Cardiac biomarker levels strongly predict outcome of bypass surgery
Levels of a biomarker used in the diagnosis of heart attacks are almost universally elevated in patients who have undergone coronary-artery bypass grafting (CABG) and, when markedly elevated, are powerfully prognostic, a team of researchers from the Massachusetts General Hospital (MGH) Heart Center has found. Their report implies that, while measurement of cardiac troponin T (cTnT) can help determine patient prognosis, current consensus recommendations regarding the use of cTNT to diagnosis post-CABG heart attack (myocardial infarction) probably should be reconsidered. The paper appears in the September 8 issue of Circulation and has been released online,
“Although postoperative concentrations of cTnT were powerfully predictive of the risk of complications and death after CABG, we found the currently recommended cut-points for diagnosing myocardial infarction are far too low,” says James Januzzi, MD, director of the MGH Cardiac Intensive Care Unit, the study’s senior author. “But use of cTnT to predict overall postoperative risk does look very promising.”

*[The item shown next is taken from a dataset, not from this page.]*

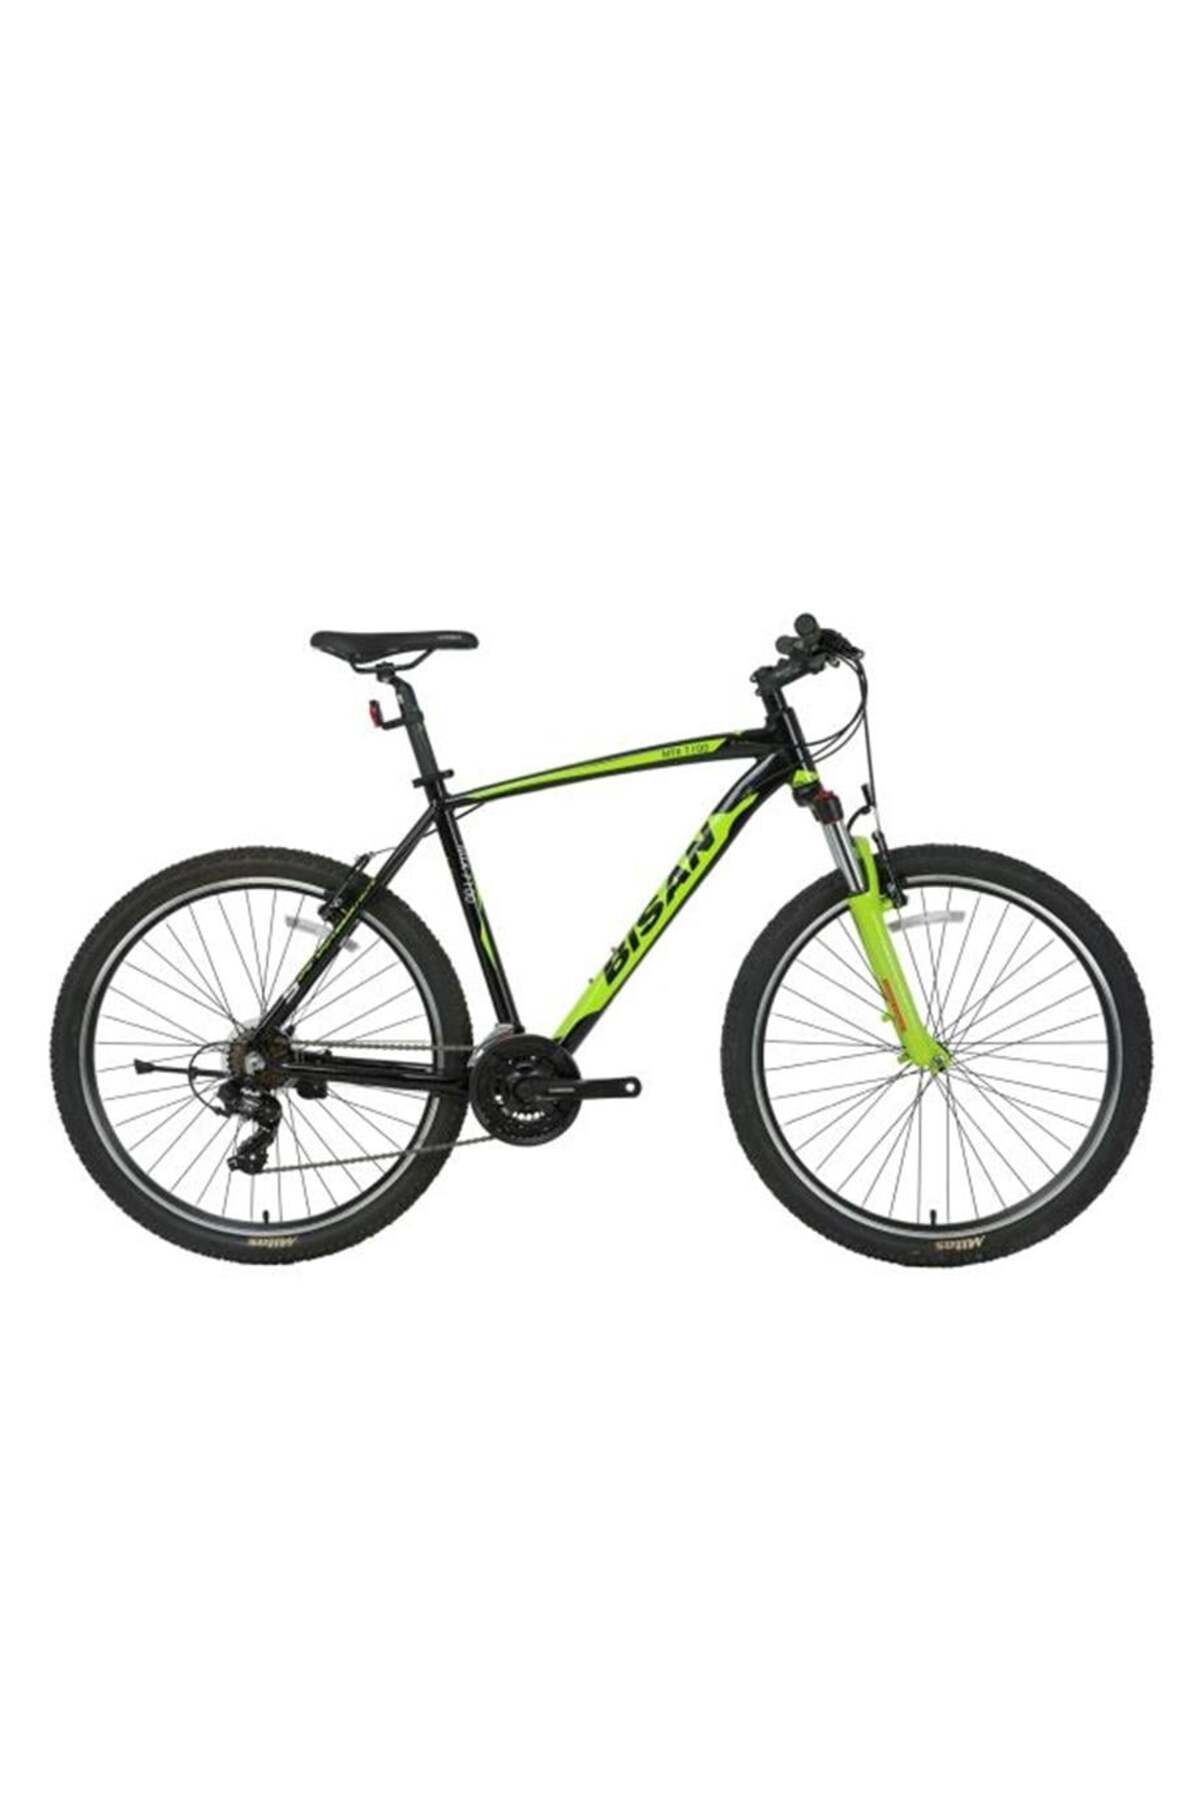 Bisan Mtx 7100 Erkek Dağ Bisikleti 53cm V 27.5 Jant 21 Vites Siyah Yeşil

Patients recovering from bypass surgery, in which blood supply to the heart muscle is rerouted around one or more blocked coronary arteries, are at risk for a number of postoperative complications, including heart attack.
Current standards for the diagnosis of post-operative myocardial infarction include consideration of symptoms such as chest pain, electrocardiogram changes and the results of biomarker tests. However, since patients recovering from cardiac surgery inevitably experience chest pain and the results of postoperative electrocardiograms are often unclear, clinicians may heavily rely on biomarkers like cTnT to diagnose post-CABG heart attacks.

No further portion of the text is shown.